You don't have to pay necessarily. Any related company training in addition to technical sales counts. WSPE website has a form that you can use as a tracking certificate. My boss was able to satisfy all 30 credits w/o registering for a single official type course.


----------



## John QPE (Oct 29, 2014)

Contech has a ton of free PDHs .... there are also PDHs in pretty much every monthly publication.


----------



## pgm44 (Jan 8, 2015)

I agree with the above two posts. I have been meeting the PDH training requirements in multiple states for years and have only had to pay for a few PDH courses over that time period (mostly because I waited too close to the renewal date to complete the credits). A number of links to trade publications that offer free PDH training can be found by searching google or are collected for engineers use on sites like engineer-cloud.com (see: http://www.engineer-cloud.com/index.php?page=_RatePDHProviders ).

As the second post in this string notes it is important to keep your original state license. An active license for your original state of licensure is generally required to get a license by reciprocity in another state (no exam required). Once you give up the home state license you basically have to start the whole application process over if a license is needed in the future.

Looking at the WI continuing education requirements it appears that the free trade magazine training will likely qualify for WI PDH. It looks like WI requires 30PDH every two years with 13 of the units in a training session where you can ask live questions and get live feedback.
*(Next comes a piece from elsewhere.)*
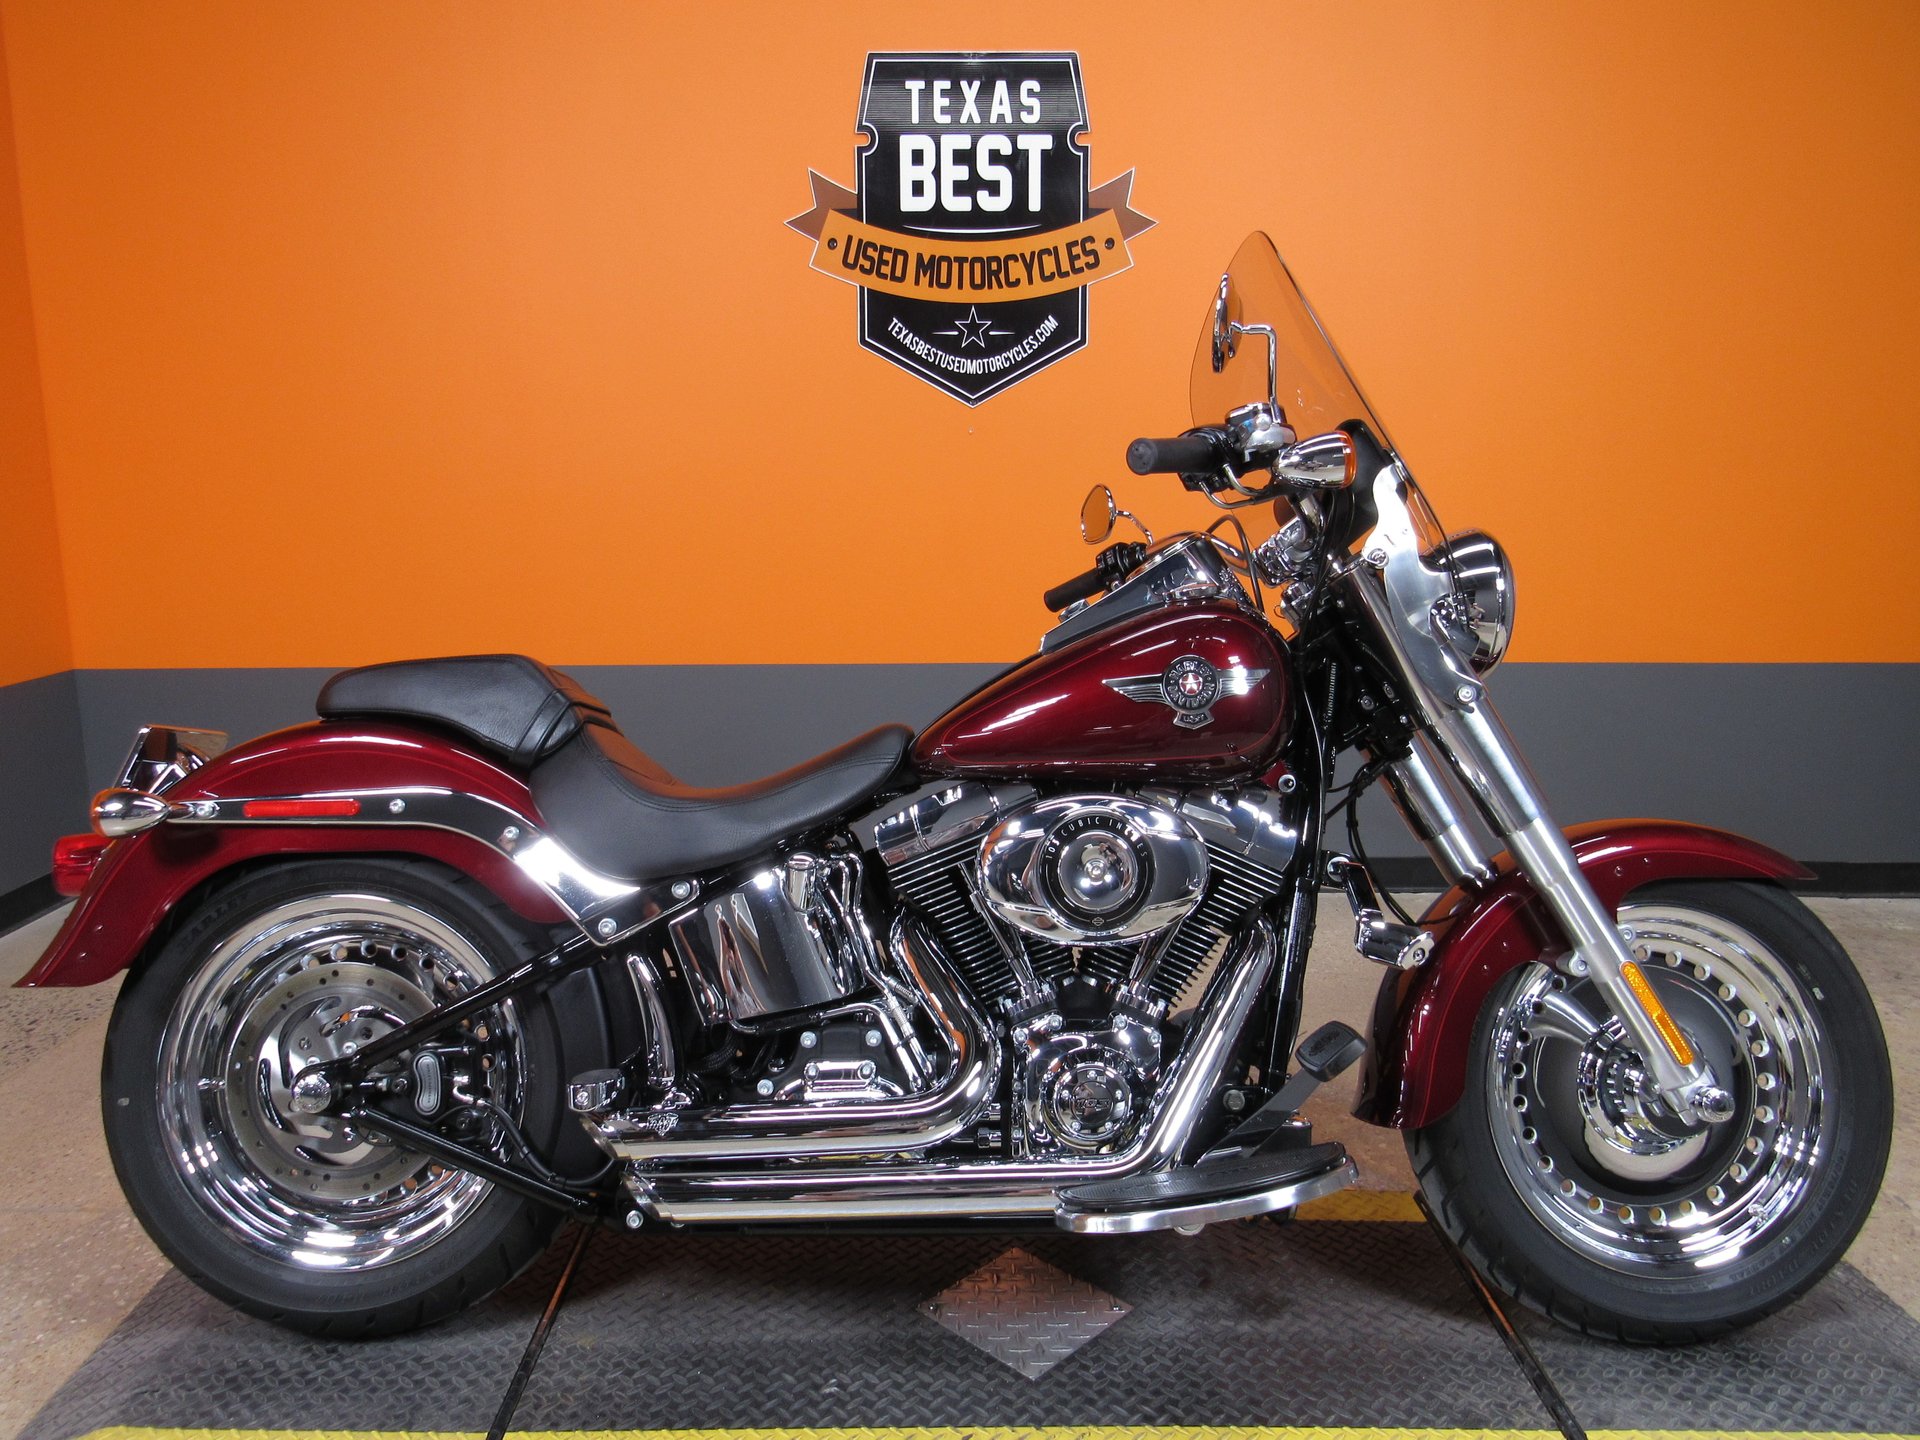 2015 Harley Davidson Fatboy For Sale Off 70 Medpharmres Com

The free "live" webinars typically will meet this requirement in most states (New York Excluded), with the remainder of the PDH units are open to use the pre-recorded training sessions (verify if you need to take the ones with a short quiz at the end). You may need to pay for the 2 ethics units required by WI but that's usually available for $25 or less. PDH requirements vary by state and sometimes change so you should always check them yourself.

What I copied for WI PDH is noted below:

Completing short courses or tutorials and distance education courses offered through correspondence, DVDs, or the internet are permitted. Credit for a minimum of 13 PDHs shall be obtained via courses where the registrant interacts in real time in a traditional classroom setting, computer conferencing or interactive video conference where participants are present in the same room or logged in at the same time and can communicate directly with each other and ask questions of the instructor.


----------